Bolca soya ürünü tüketmenin kanser hastalarına iyi geldiği yönündeki bilgiler yanlıştır. Çünkü soya içinde östrojen hormonuyla aynı etkiye sahip maddeler vardır ve bu maddelerin yüksek dozda alınması östrojene bağlı gelişebilen göğüs, yumurtalık ve rahim kanserine neden olabilir.
Domates, lahana ve brokoli gibi antioksidan özelliğe sahip gıdaların kanserden koruduğuna dair elde edilen veriler yeterli değildir. Domates, brokoli, lahana tüketmek kanser yapar veya kanserden korur diyemeyiz.
Yapılan bir araştırmada sigara içenlere betakarote tableti verildiğinde ölüm oranlarının arttığı tespit edilmiştir. Havuçta da bulunan beta-karotenin fazla alınması, sigara bağımlılarında akciğer kanserine yakalanma riskini arttırabilir. Buradan havucun tüketilmemesi gerektiği anlamı çıkmasın, havuç günlük gıda alımı içinde taze olarak yenilebilir. Daha yaşamsal olan, akciğer kanserine yakalanmamak için havuç tüketmemek değil, sigarayı bırakmaktır.
Kanseri Tetikleyen Bitkiler
- Birçok gıdada bulunan aspartam ve sakkarin gibi tatlandırıcıların kanser yaptığı bilgisi ispatlanmamıştır.

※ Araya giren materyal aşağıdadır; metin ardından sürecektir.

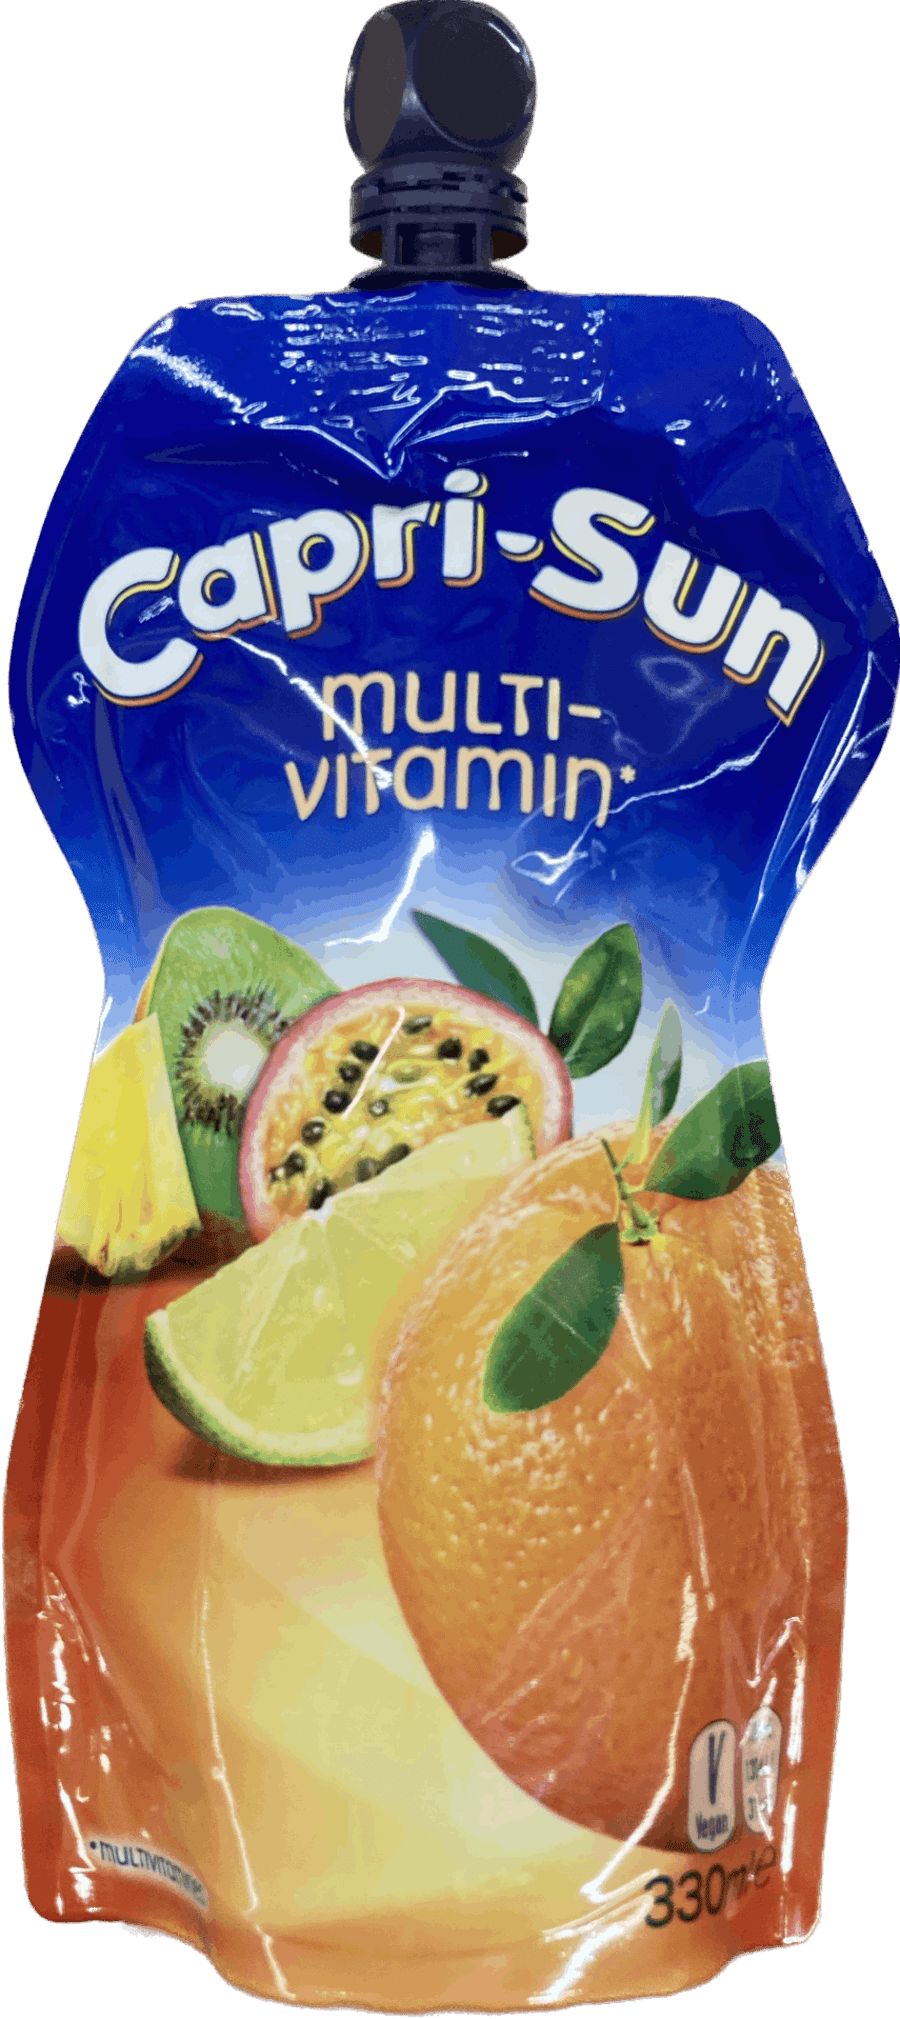 Capri-sun multi-vitamin 330 ml
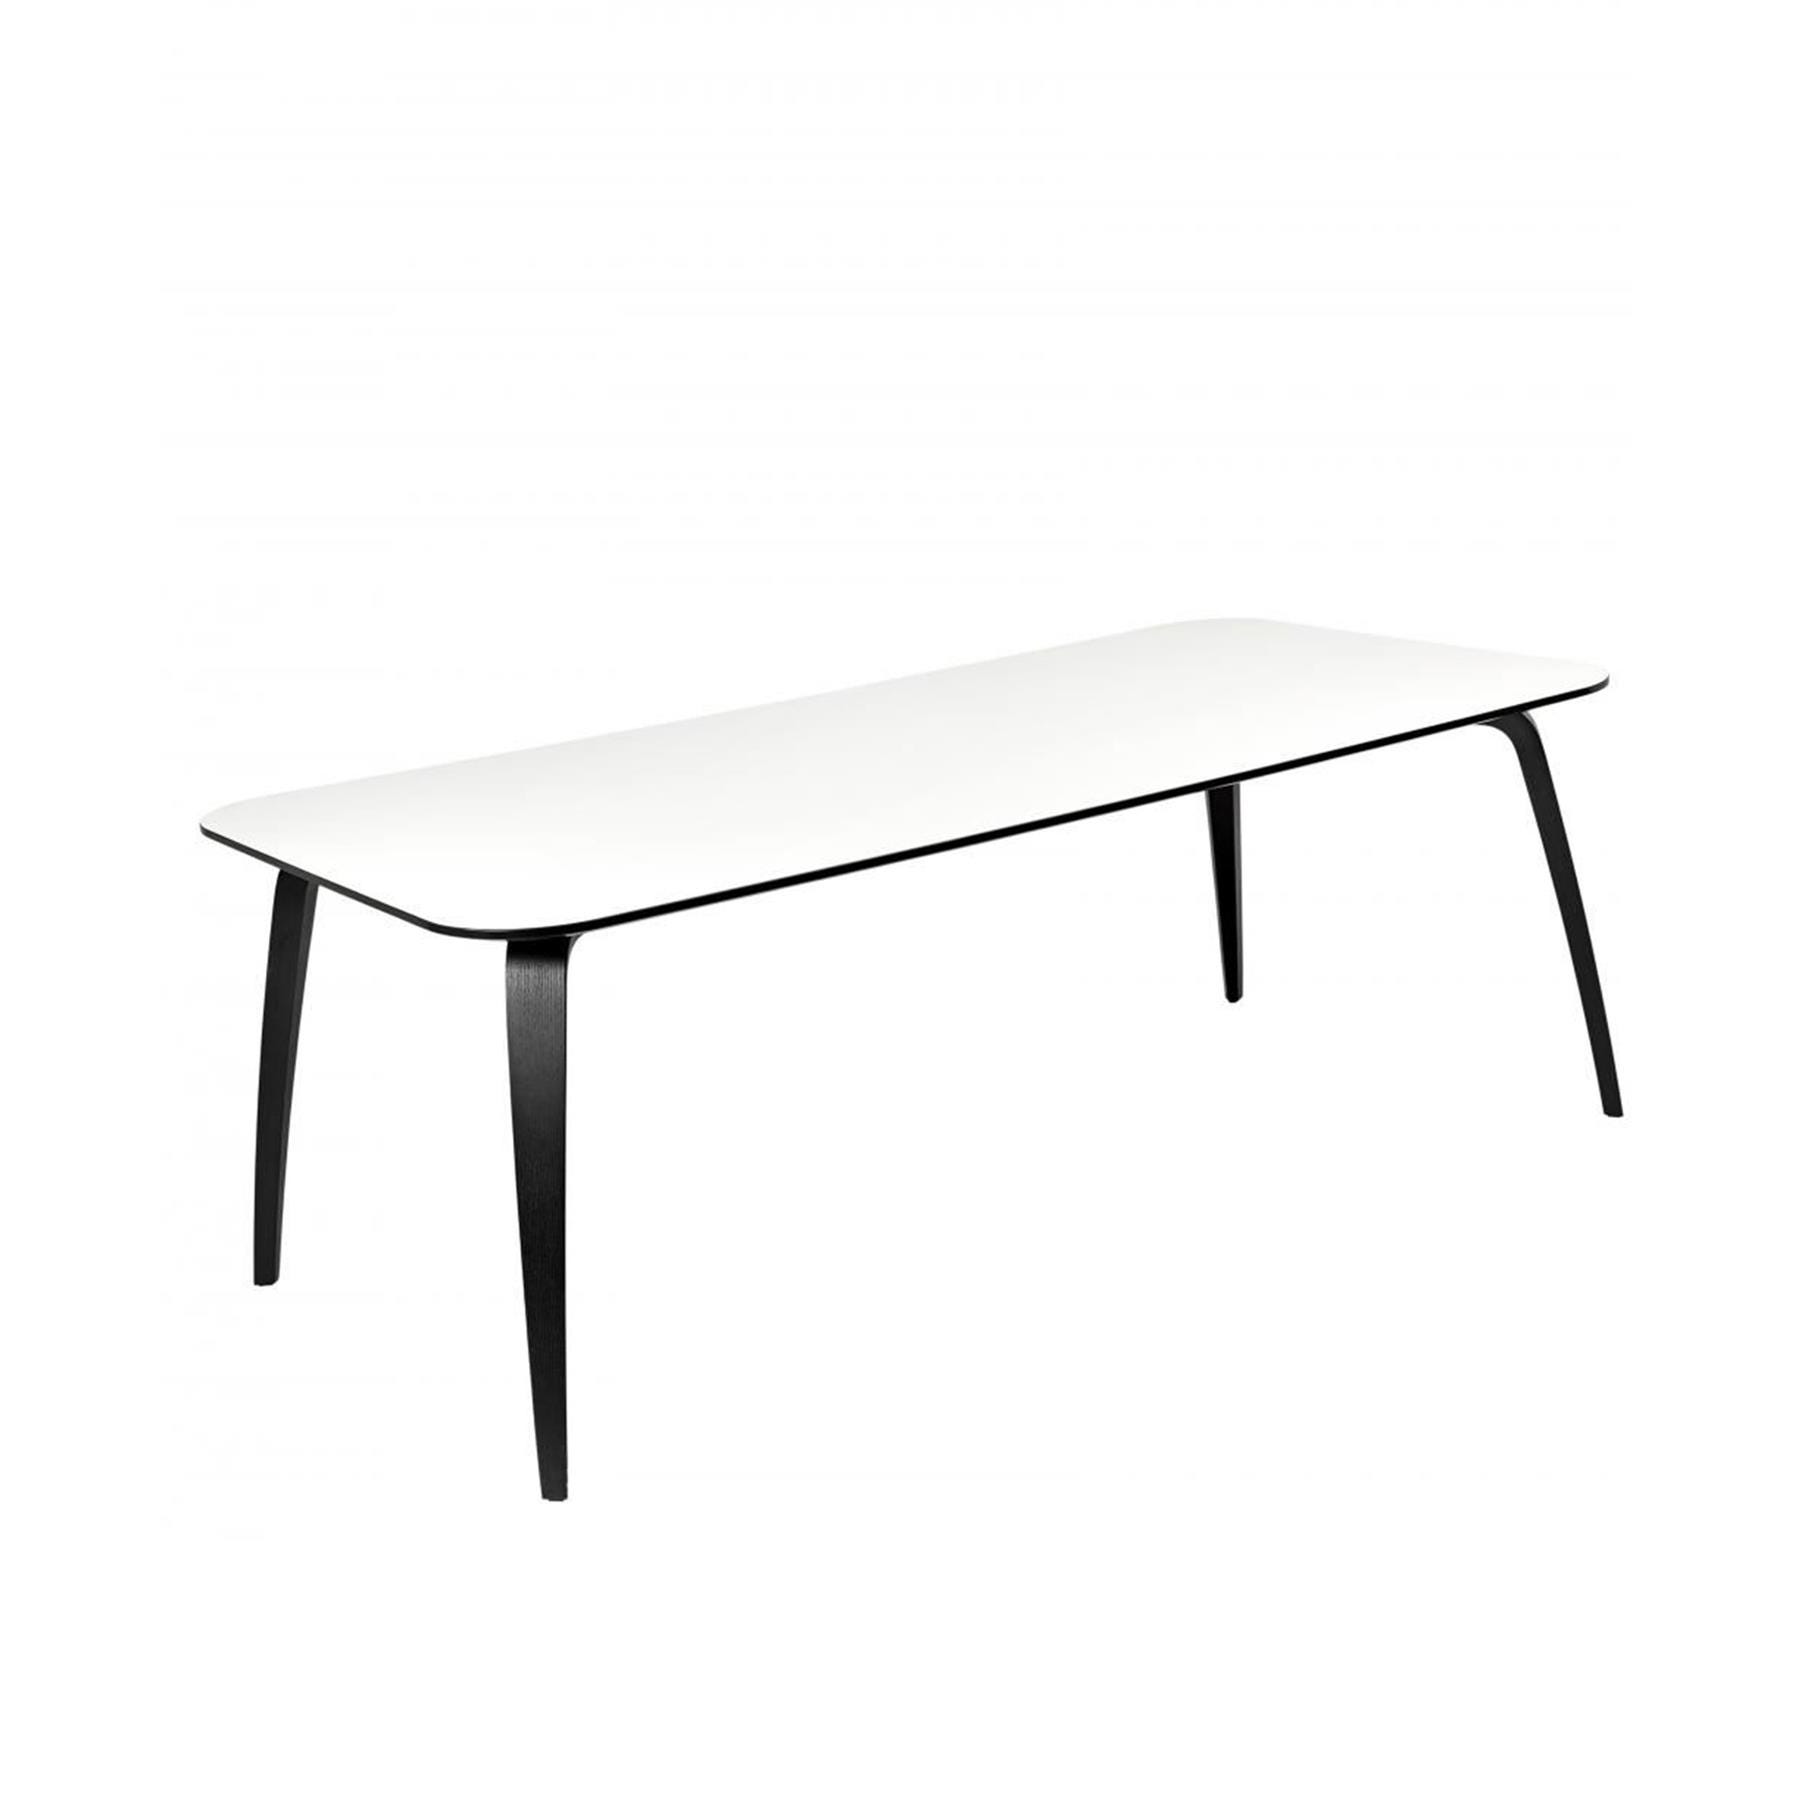 Gubi Dining Table Rectangular Laminate White With Black Edges And Legs

- Doğum kontrol hapı ve menapoz sonrası hormon replasman tedavisi kanser ve kalp hastalıkları açısından önemli yan etkilere yol açabileceğinden mutlaka doktor tavsiyesi ile alınmalıdır.
- ABD, Belçika ve Tayvan’da yeryüzünün derinliklerinde içme suyuna karışa arseniğin uzun süre tüketilmesinin kanser yapıcı etkileri tanımlanmıştır. Türkiye’deki içme sularında arsenik seviyelerine ilişkin bilgiler yetersizdir.
- Genetiği değiştirilmiş gıdaların kansere yakalanma riskini artırdığına dair bilimsel bir bulgu yoktur.
- Kırmızı etin fazla tüketilmesinin kanser oluşumuna doğrudan etkisi vardır.
- Kahvenin kanser yaptığı, yeşil çayın kanserden koruduğuna dair bilimsel bir bulgu yoktur.
- Hazır gıdalarda bulunan katkı maddelerinin, uygun oranlarda kaldığı müddetçe kanser yapıcı etkisi yoktur.
- Düzenli egzersiz hem kalp hastalıklarıdan hem de kanserden korur.
- Alkol ve sigara kullanımı kanseri tetikler. Alkol az miktarda alınsa bile kanserojen etki gösterir ve sigarayla birlikte kullanıldığında bu etki artar.
- Cep telefonu kullanımının kansere yol açtığı konusunda henüz yeterli veri yoktur. Cep telefonu kullanımının kısıtlanmasına dair bilimsel bir öneri de yoktur.
Zararlı organizmaları engellemek ya da zararlarını azaltmak için kullanılan madde ve karışımların (pestisit) kullanımı tüm dünyada olduğu gibi ülkemizde de kontrol altındadır. Tüketilen maddenin üzerindeki pestisit kalıntılarının bertarafı için hijyenik önlemler yeterlidir. Pestisitlere maruz kalmanın kanser dışı zehirleyici özellikleri daha önemlidir. Bu etkiler küçük çocuk ve bebeklerde daha ağır seyreder çünkü pestisitleri vücuttan atacak enzimler henüz yetersizdir.